“哈?你在帮我整理行李?”
许知愿完全意外,无奈笑了声,“我之前跟你开玩笑的。”
沈让一语双关,“可我对待自己说出去的每一句话都很认真。”
许知愿一时语塞,这难道就是来自大律师的严谨与修养?
她决定接受这份好意,“那你整理的时候小心点,有几套瓷器别磕坏了,衣服全部帮我挂到衣柜,我回来自己分类,另外…”
许知愿说到这里,蓦地停顿,想到一件严重的事,双眸陡然睁大,声音也忽然变得尖锐起来,“有个粉色的行李箱,你千万别动,等着我回来自己收拾!”

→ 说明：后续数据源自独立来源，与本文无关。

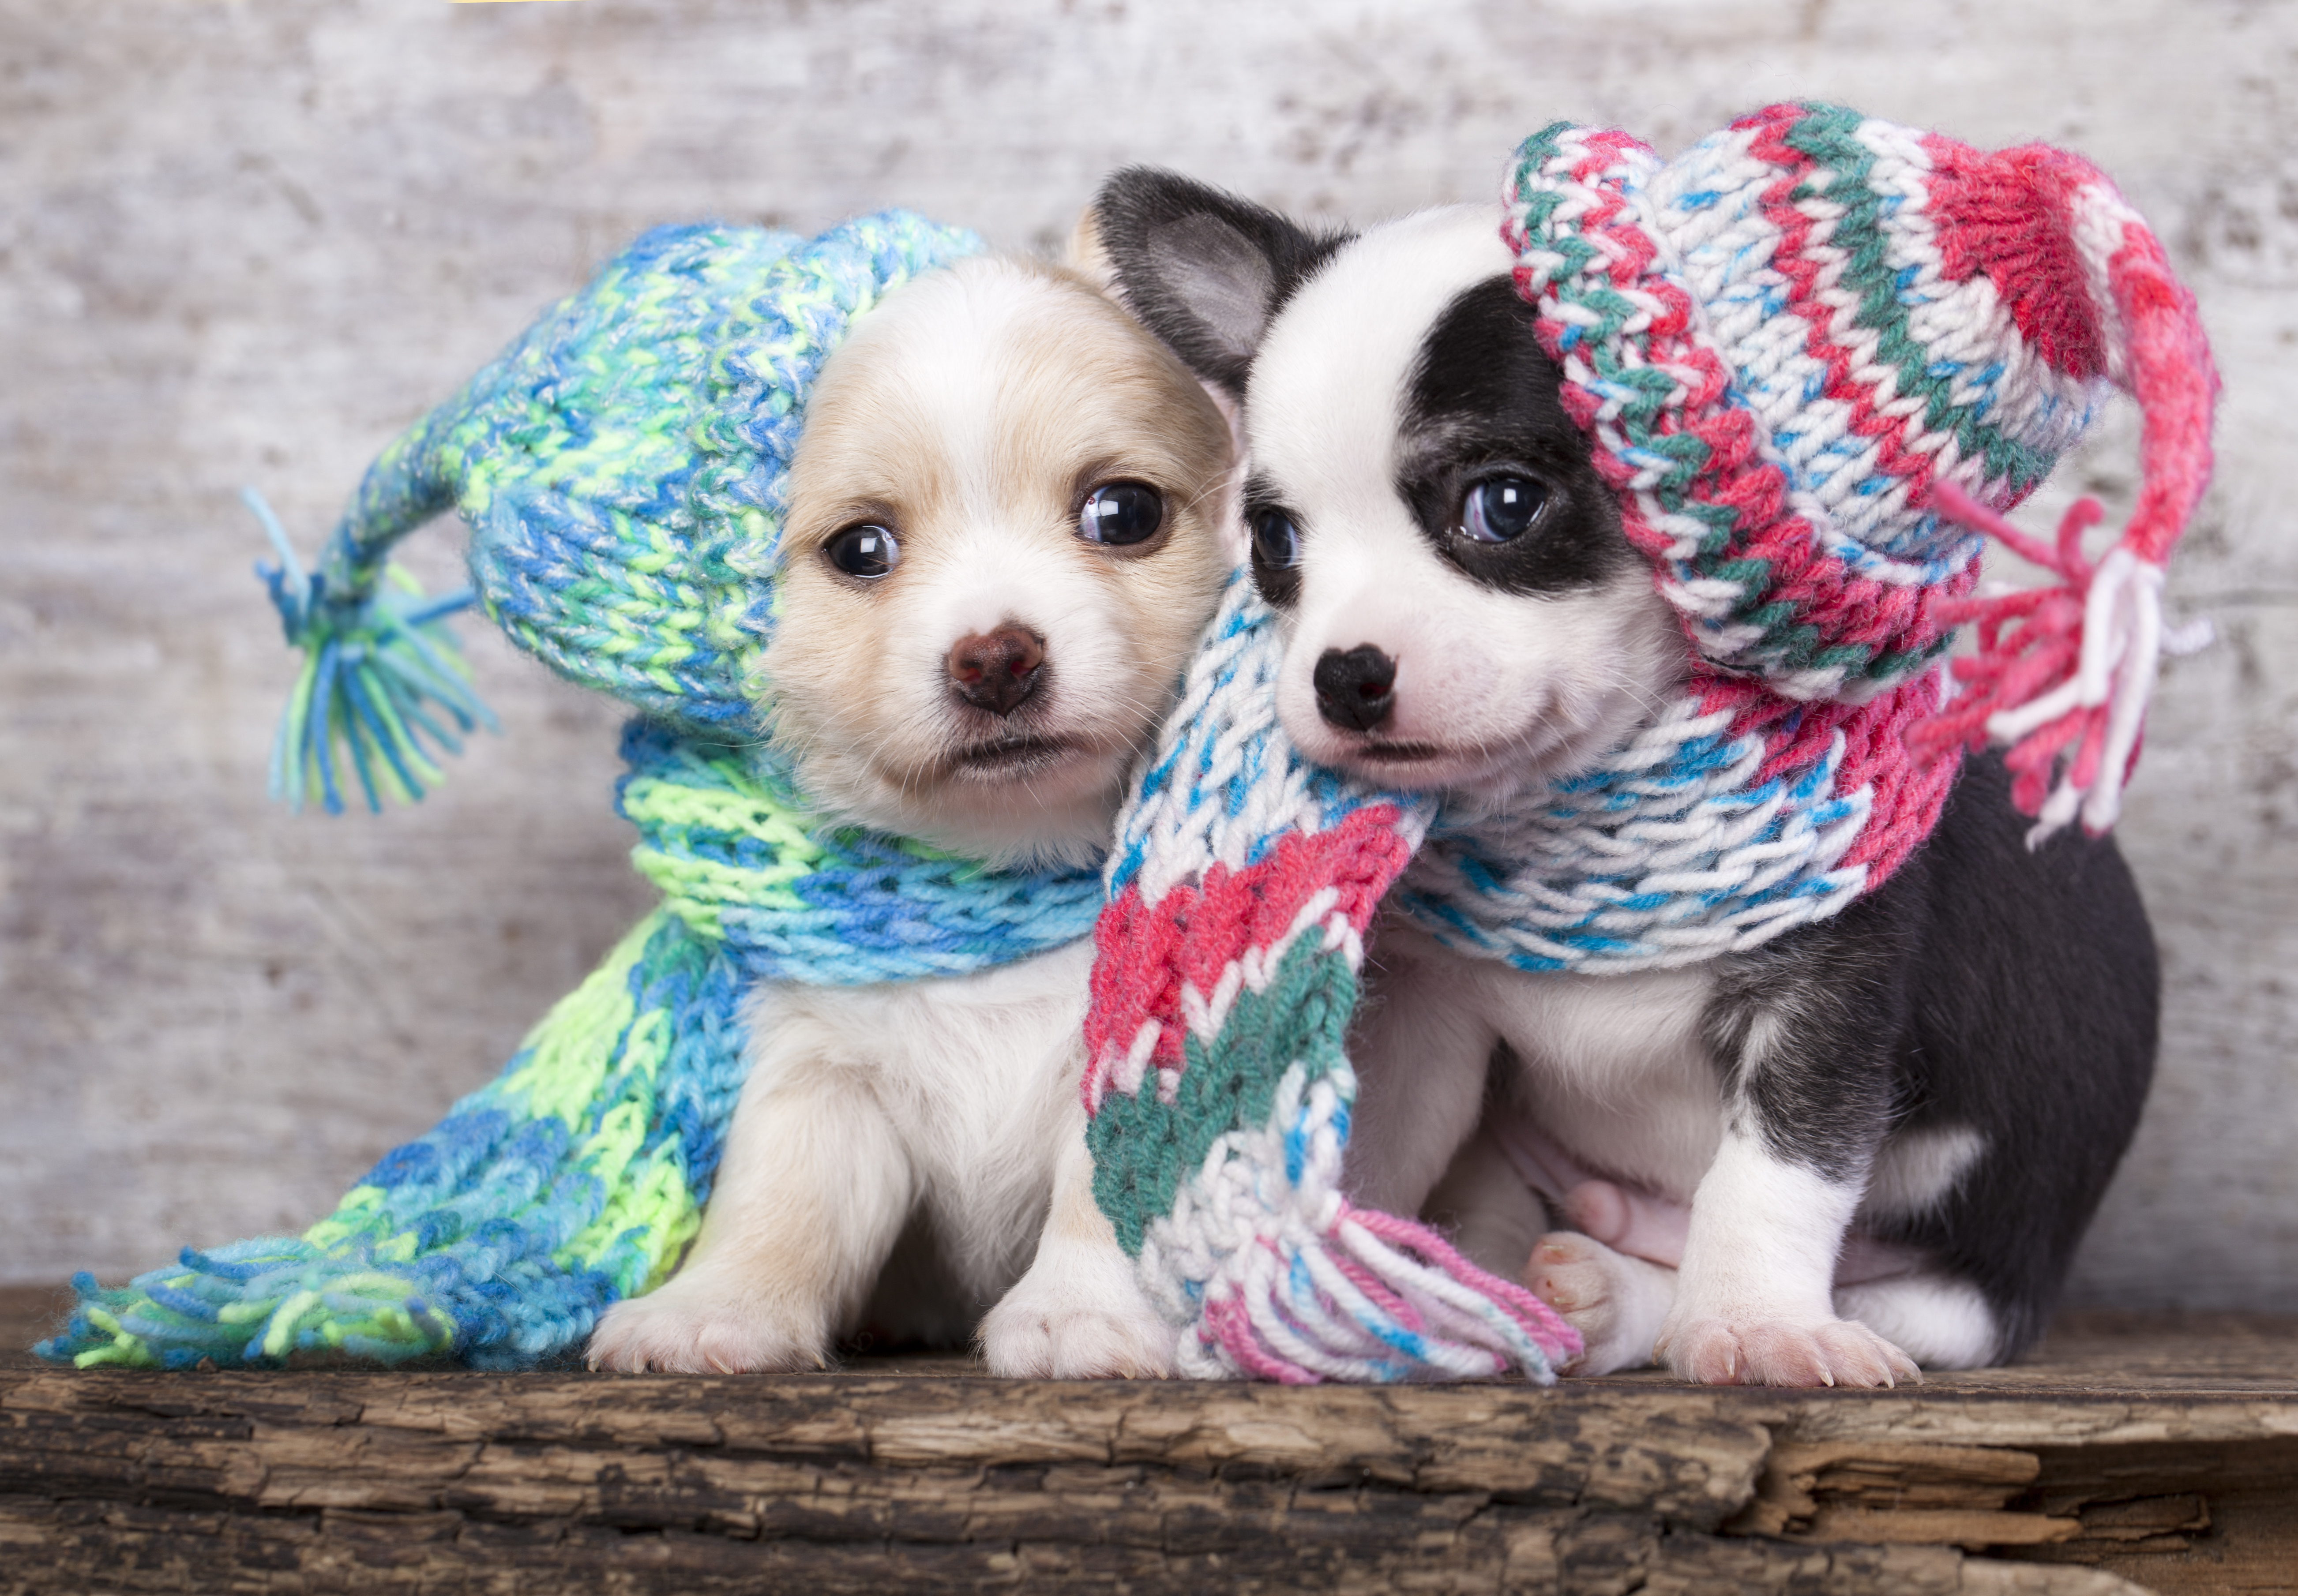 Las mascotas también sufren en las gélidas temperaturas. Ve aquí algunos consejos de cómo protegerlos y evitar que se enfermen.
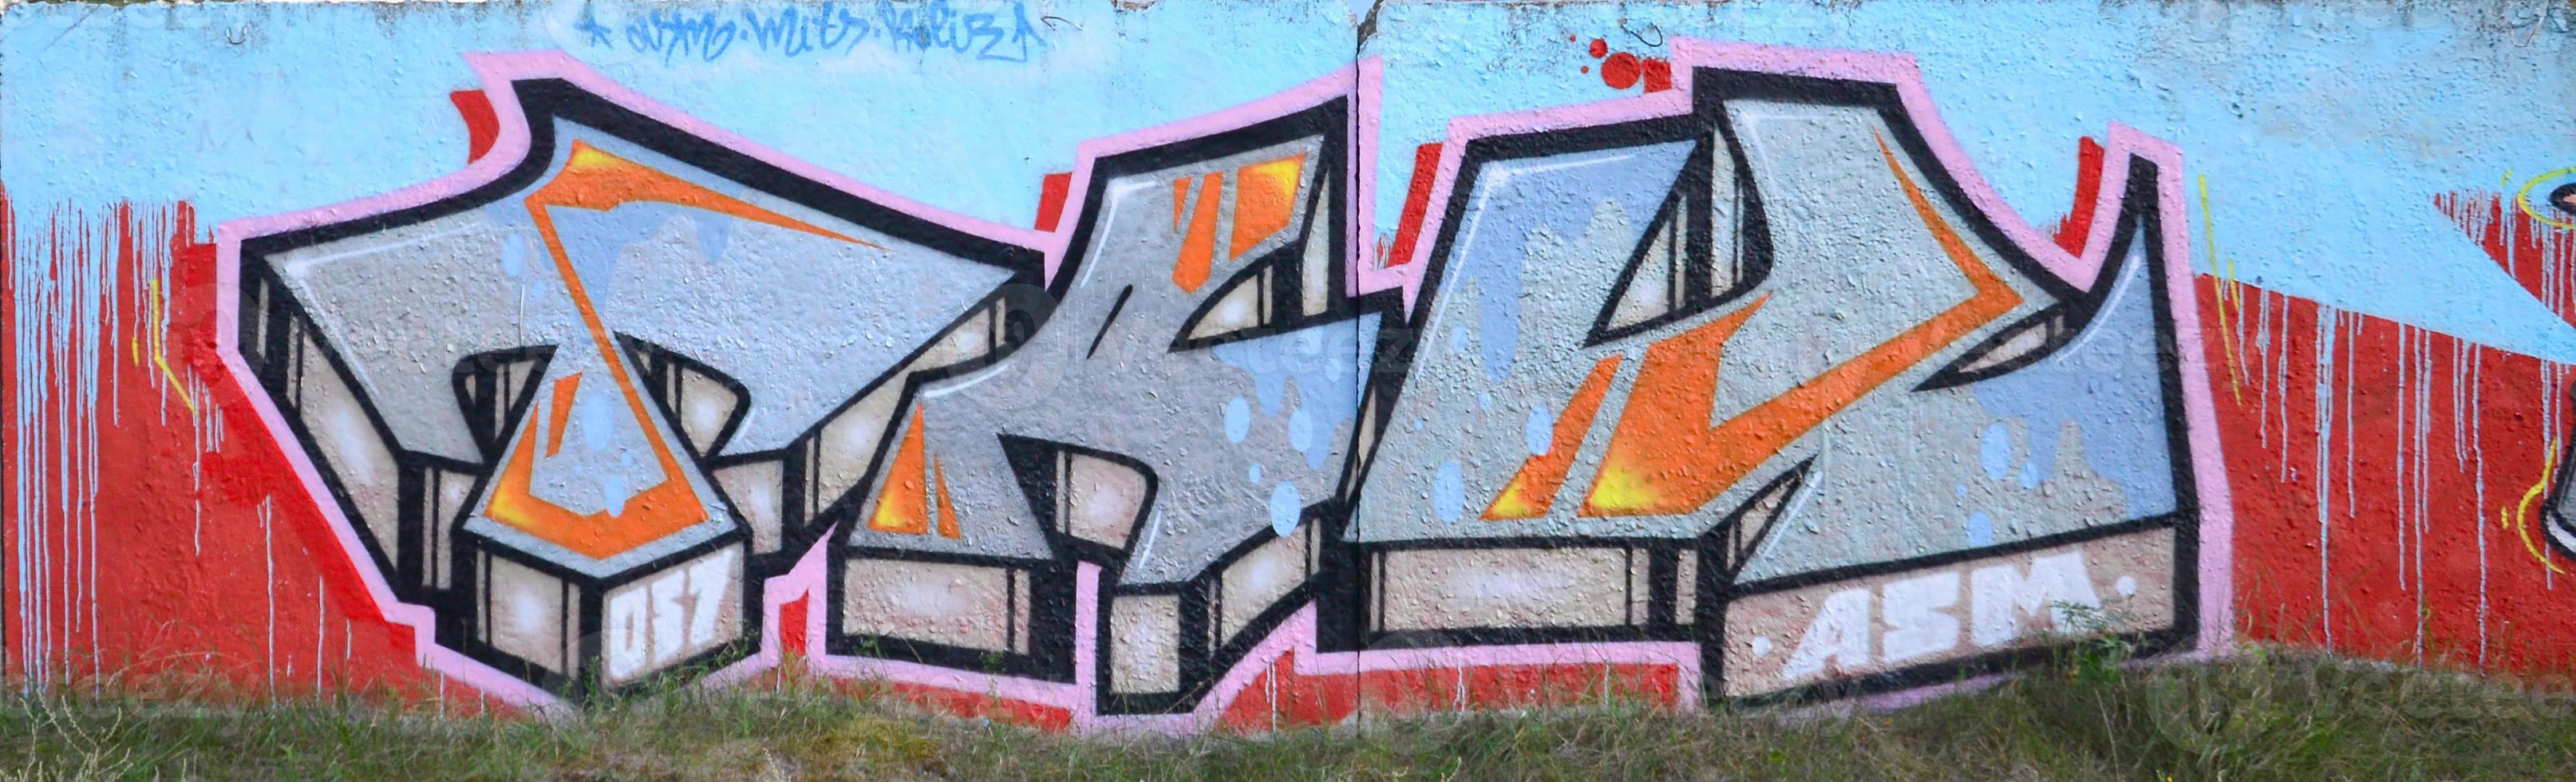 vollständiges und vollendetes Graffiti-Kunstwerk. Die alte Wand ist mit Farbflecken im Stil der Straßenkunstkultur dekoriert. farbige Hintergrundtextur foto

沈让垂眸,看着地板上那个刚被摊开的粉色行李箱,以及里面颜色各异,款式各异的内衣内裤,大脑有片刻的凝滞,“你说晚了,已经动了。”
许知愿脑仁“嘭”地一下炸开,“那,那你现在停手,不准再碰里面的东西!”
一路脸红似番茄,紧赶慢赶回到家,在看到客厅正中央那个被公开处刑的小粉粉时,悬着的心算是彻底死透了。
她说不准碰,沈让就真的不碰,大喇喇任其摊开摆在原地,她站得那么远都能看到最上面那块粉色的,薄如蝉翼的面料。
沈让此时听见动静也从客房出来,为了方便干活,他只穿着一件黑色羊绒衫,柔软的材质勾勒出他劲瘦的腰身,领口不高不低,刚好露出一截锁骨与利落的脖颈线条。